About Play Therapists
They do not have a state license from the government. They are not affiliated with psychiatric or hospital services. The profession requires a minimum of a bachelor’s degree. It is rare to find a therapist who has a Master’s degree, let alone additional certification that ranges from a certified teaching degree to specializing in specific types of therapeutic interventions and strategies.
This profession carries many titles and names, yet they all provide the same service. They have been named rehabilitation, play, community based rehabilitation servicers (CBRS), developmental, and outpatient – therapists. The therapy they provide is not considered investigational, homeopathic or provisional. Providing CBRS typically occurs with the birth to 3 populations that work through the government’s Early Intervention program. The Children’s Developmental Services Agency is the umbrella for all Early Intervention services here in North Carolina. A portion of rehabilitative therapists serves children over the age of 3 on a contractual basis to augment the child’s current therapy through the school system. Therapists can perform in many capacities depending on their experience.
Rehabilitative and play therapists typically have a number of strategies and interventions that are employed, depending on the child’s ability and disability. A Master’s in Education and certification in Early Intervention will teach these types of strategies, but the how-to and step-by-step process will become second nature during an Early Intervention internship.
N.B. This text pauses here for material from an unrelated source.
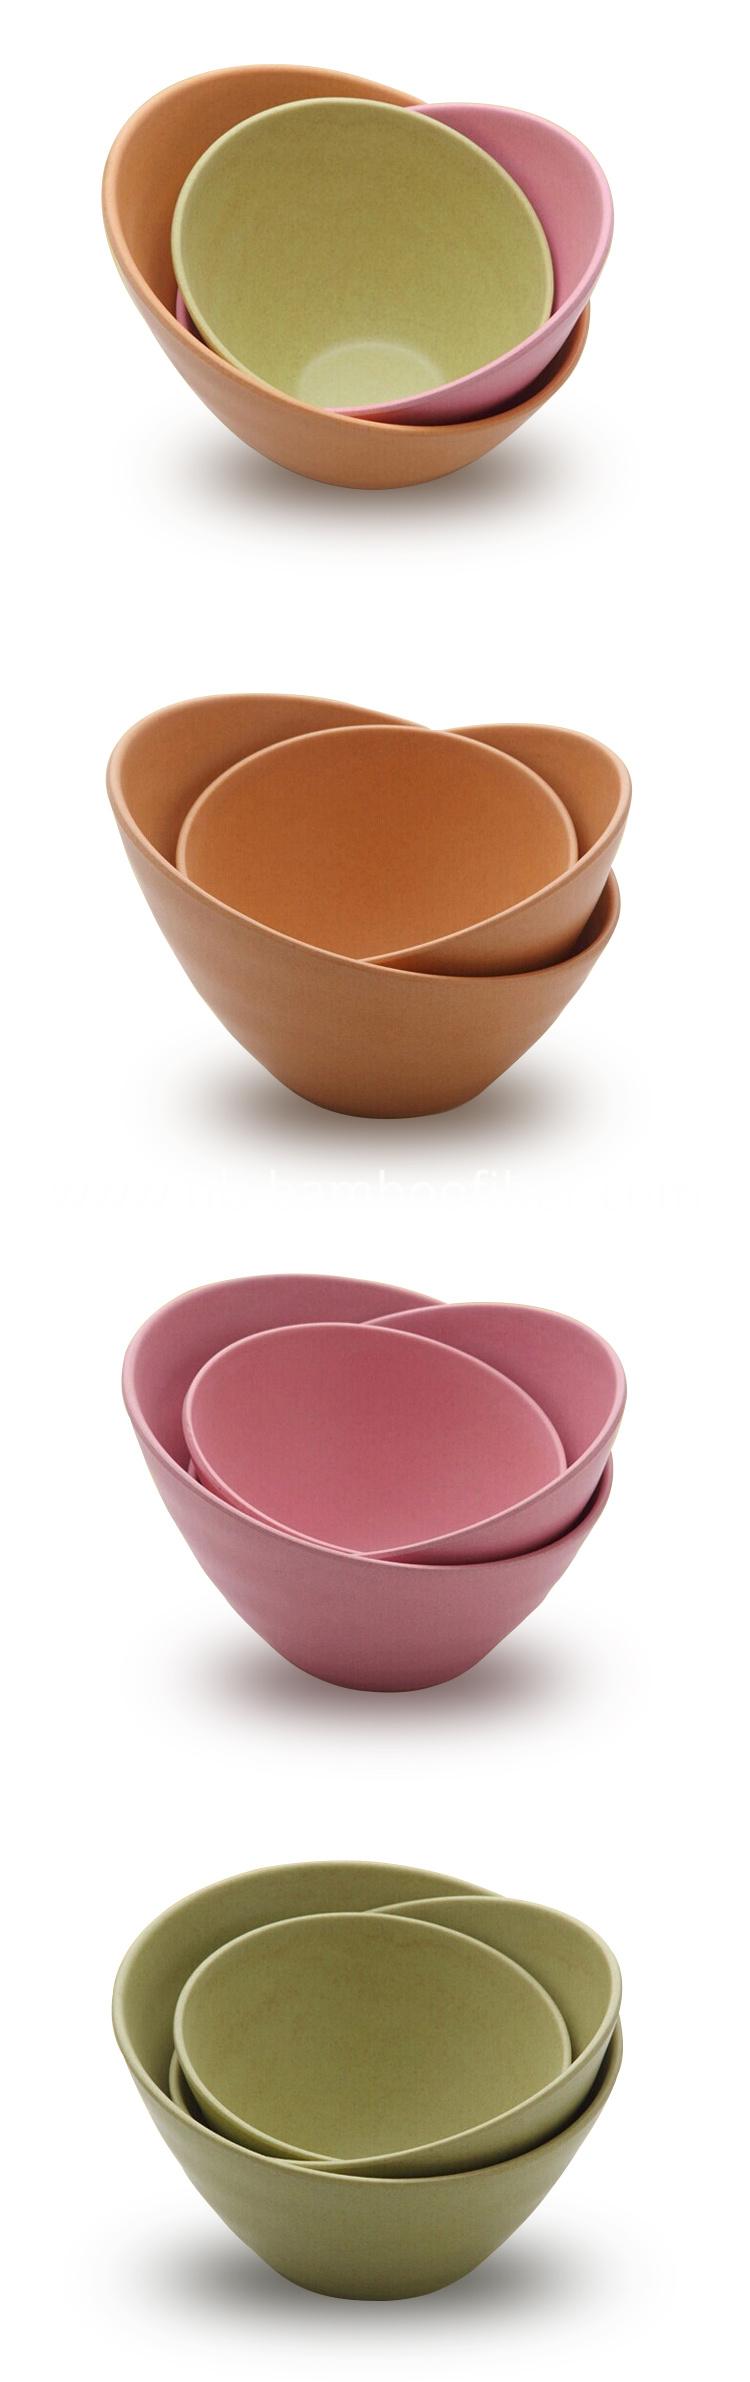 irregular bowl

Play therapists teach children how to play with age appropriate toys. When they teach children skills, the play skills are universal to other activities. For example, pushing, pulling, twisting and turning are motions used to turn on dials, twist a doorknob, open a book, pull on a shirt, push a hand through a sleeve, and press buttons on a microwave. Learning what it means to go up and down, go left and right, teaching children to follow directions, and understanding differences and similarities can be some of the child’s goals.
Teaching children the how-to’s of various abilities, such as fine and gross motor, cognition, communication, social, and emotional skills are essential to retraining the brain that once knew how to do these skills or never learned them. Retraining the brain means creating new pathways to problem solve, prioritize, think, understand and do activities and participate in everyday routines. Fine motor skills are the skills used to button buttons, write, pick up raisins and nails, while gross motor skills are used when to run, jump, walk up hills or stairs and swing a baseball bat. Communication, social and emotional skills are intertwined. They teach children to understand what sad means, by showing pictures depicting the emotion, what it feels like to be sad, making a sad face or communicating that they feel sad. All these skills are taught using sign language, pictures, voice programs, pointing, and touching, to name a few methods.
The industry for play therapists has high turnover and burnout. Several years ago, the average length of service for a play therapist was 1.5 years. Some of these play therapists have gone back to school to attain additional credentialing as a speech or physical therapist.
Many families are turning to play therapists, as they are not able to afford the high cost of specifically trained certified therapists (Applied Behavior Analyst or Relationship Development Intervention therapists). Due to insurance coverage changing and diagnostic criteria being altered, the decisions to cut services by reducing costs have led many families to seek private therapy.